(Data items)
++++++++
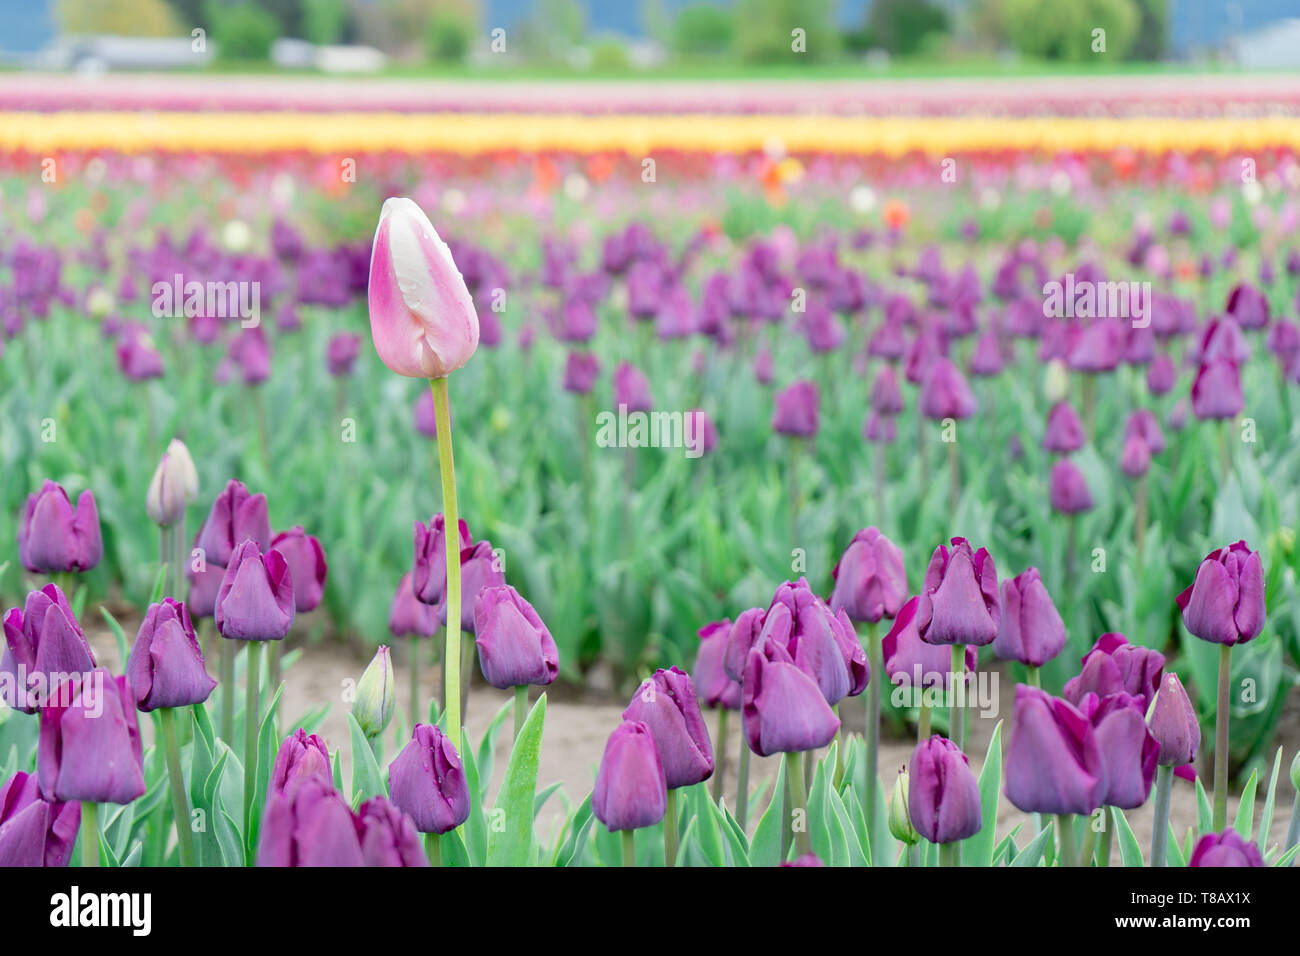 Belle, simple, rose et blanc différent de plus en plus grand des tulipes dans un champ de tulipes triomphe violet, sur une fleur ferme. Banque D'Images
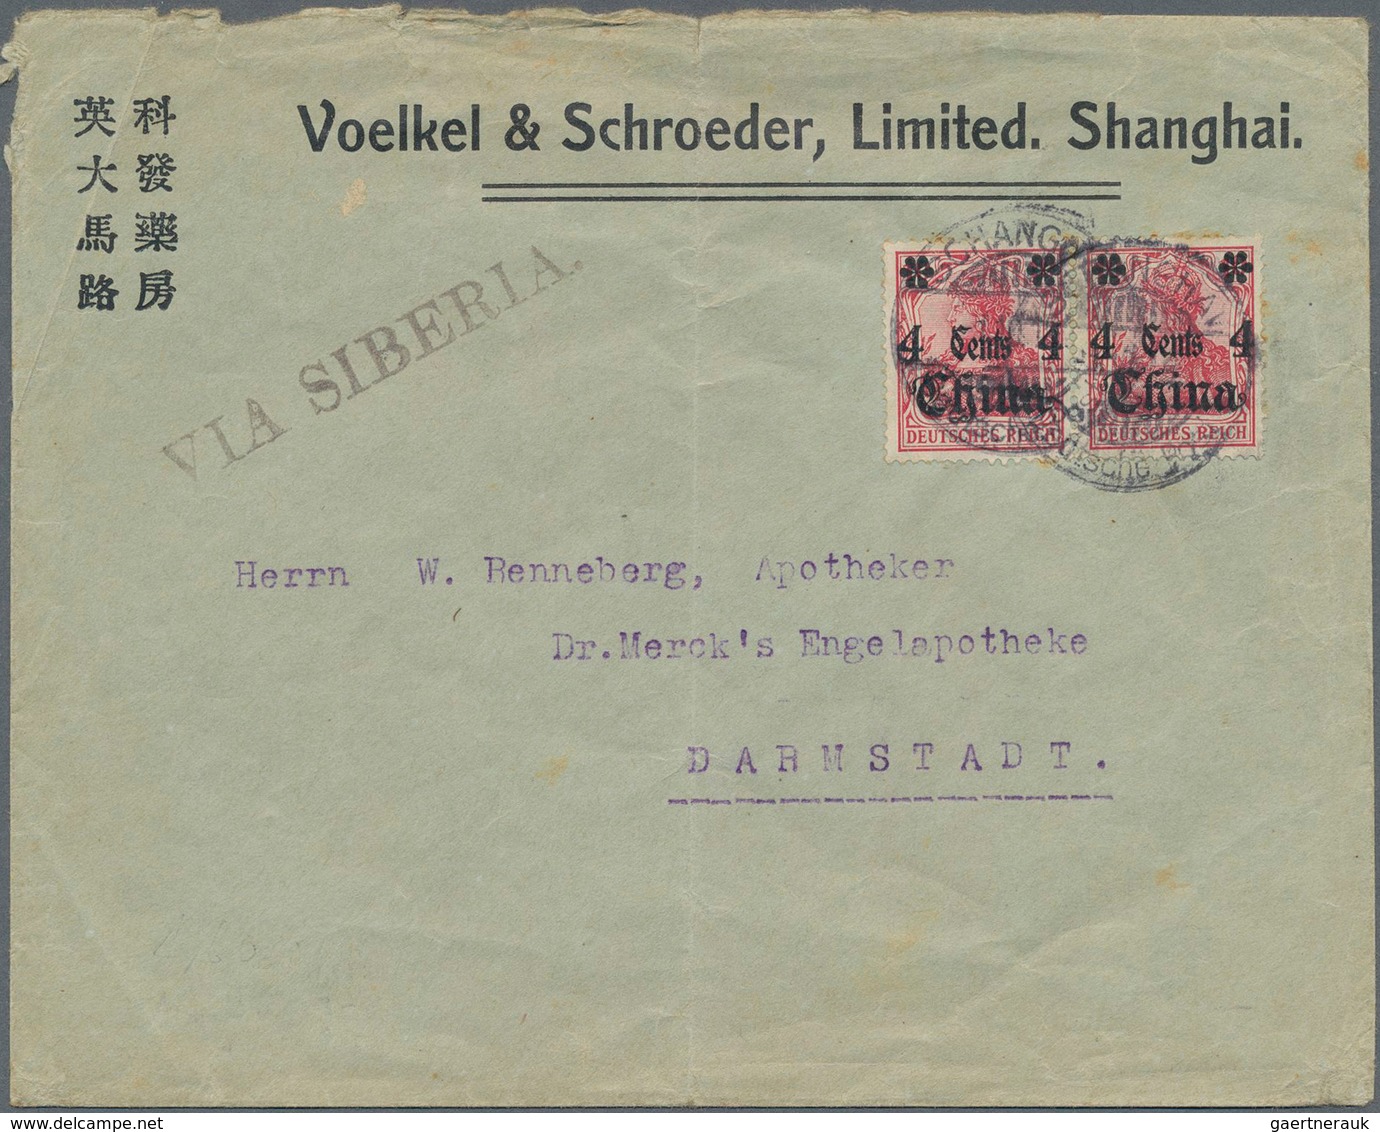 Deutsche Post in China: 1891/1912, kleine Partie von acht Bedarfs-Belegen "Dt. Post in China", dabei
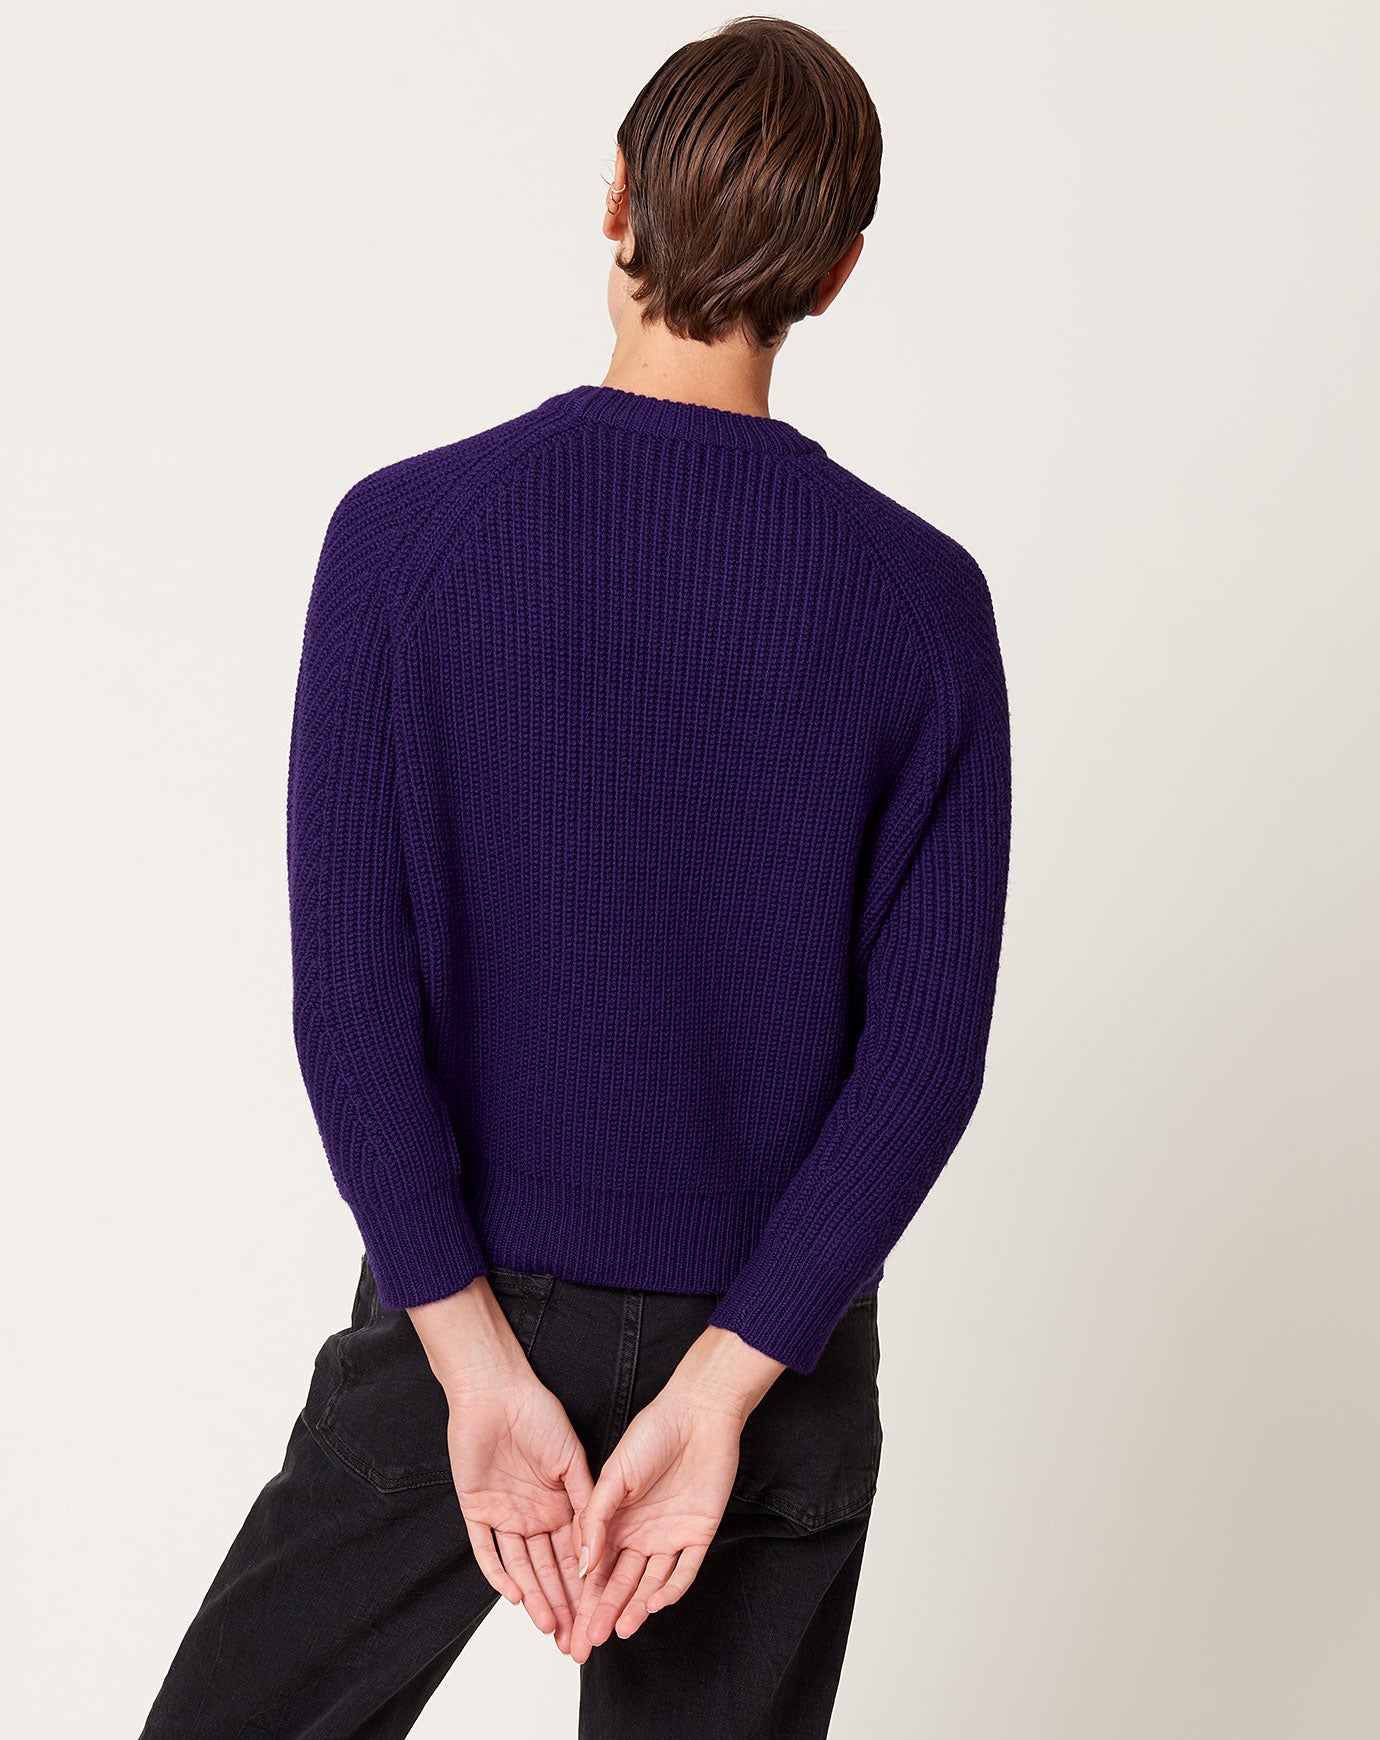 Demylee Chelsea Sweater in Purple Night
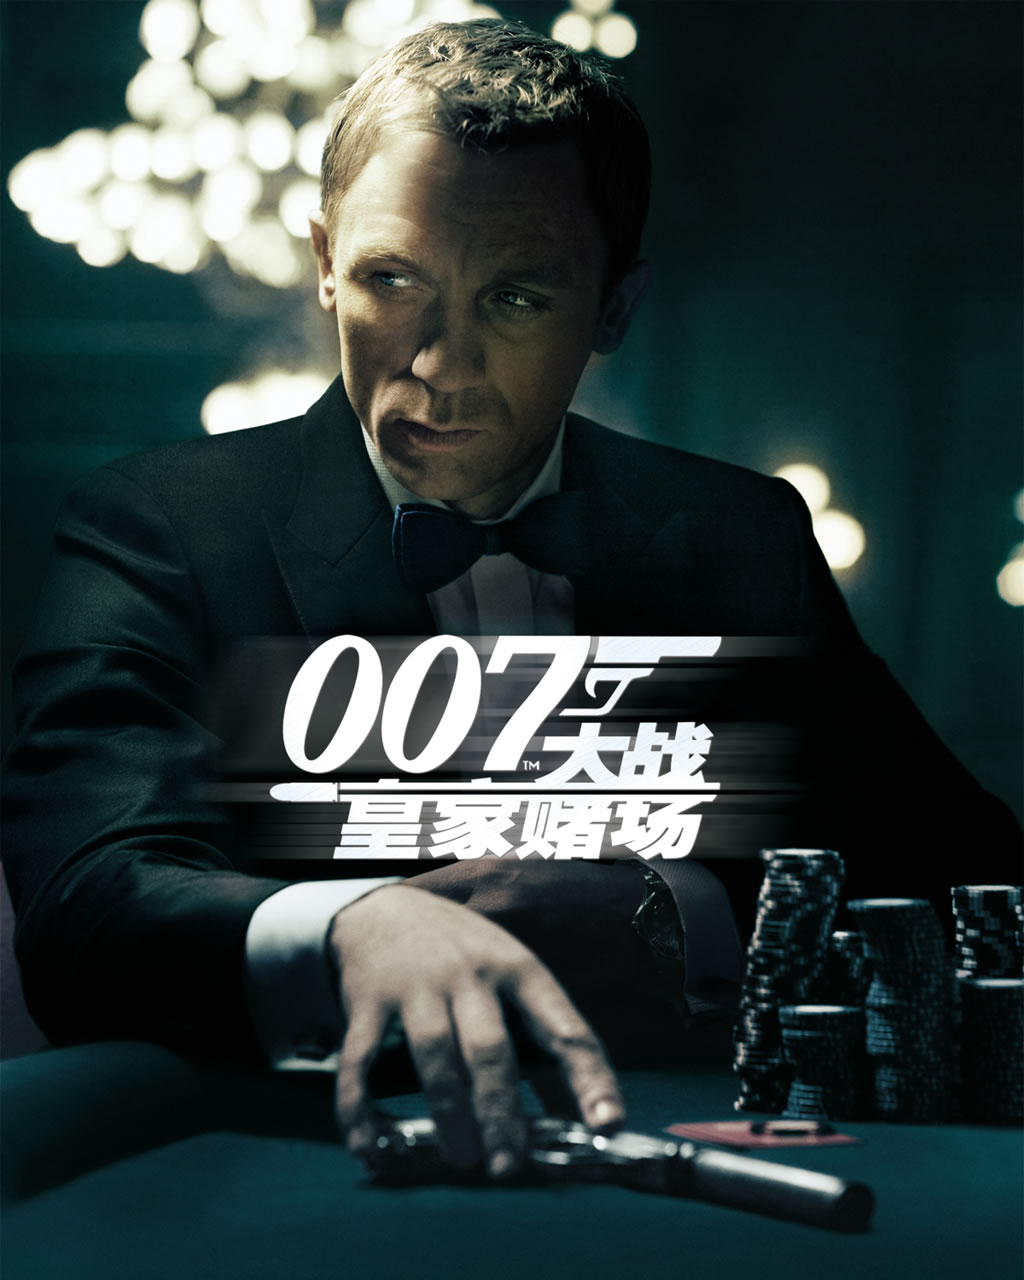 007 系列
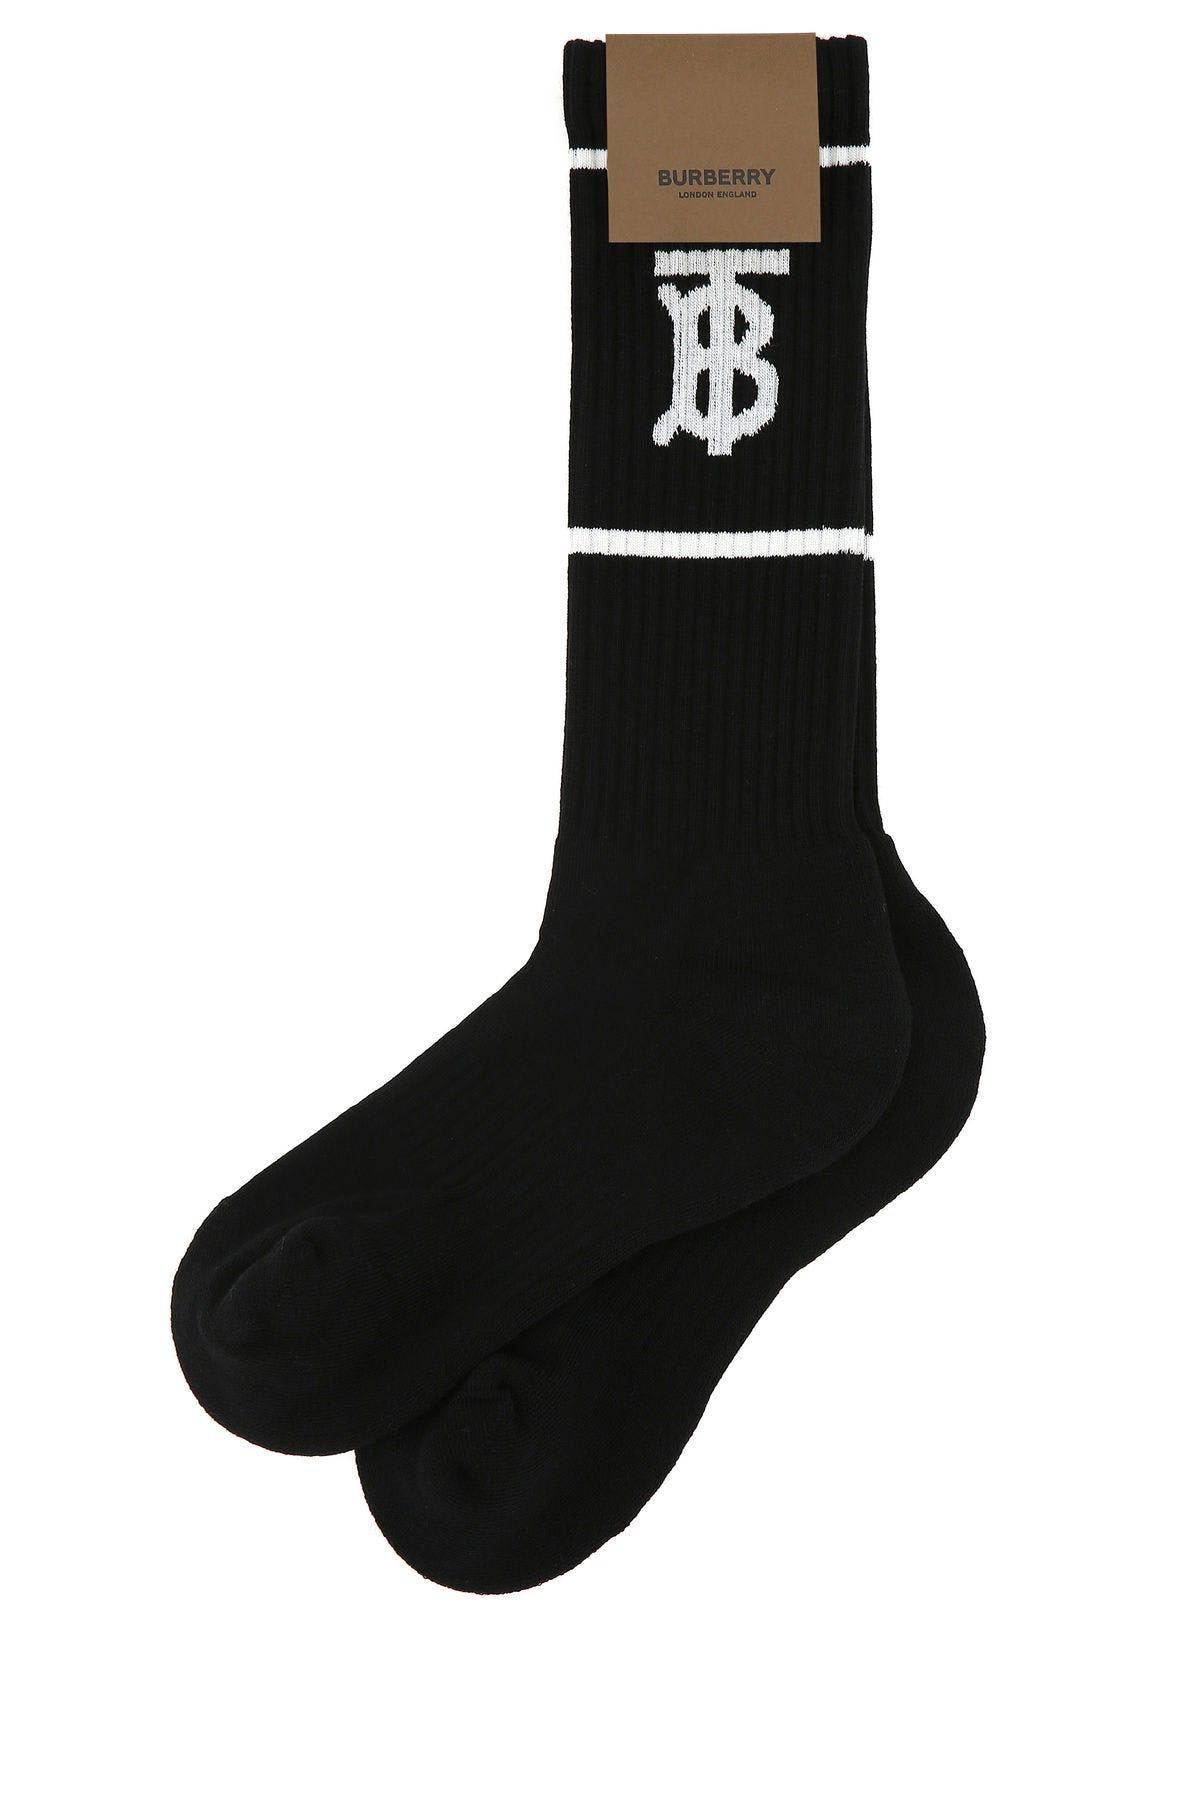 Burberry black polyester blend socks
++++++++
### Task statement
Reproduce the data above without a single change, please, but without its pictures.

### Answer section
 Belle, simple, rose et blanc différent de plus en plus grand des tulipes dans un champ de tulipes triomphe violet, sur une fleur ferme. Banque D'Images
 Deutsche Post in China: 1891/1912, kleine Partie von acht Bedarfs-Belegen "Dt. Post in China", dabei
 Demylee Chelsea Sweater in Purple Night
 007 系列
 Burberry black polyester blend socks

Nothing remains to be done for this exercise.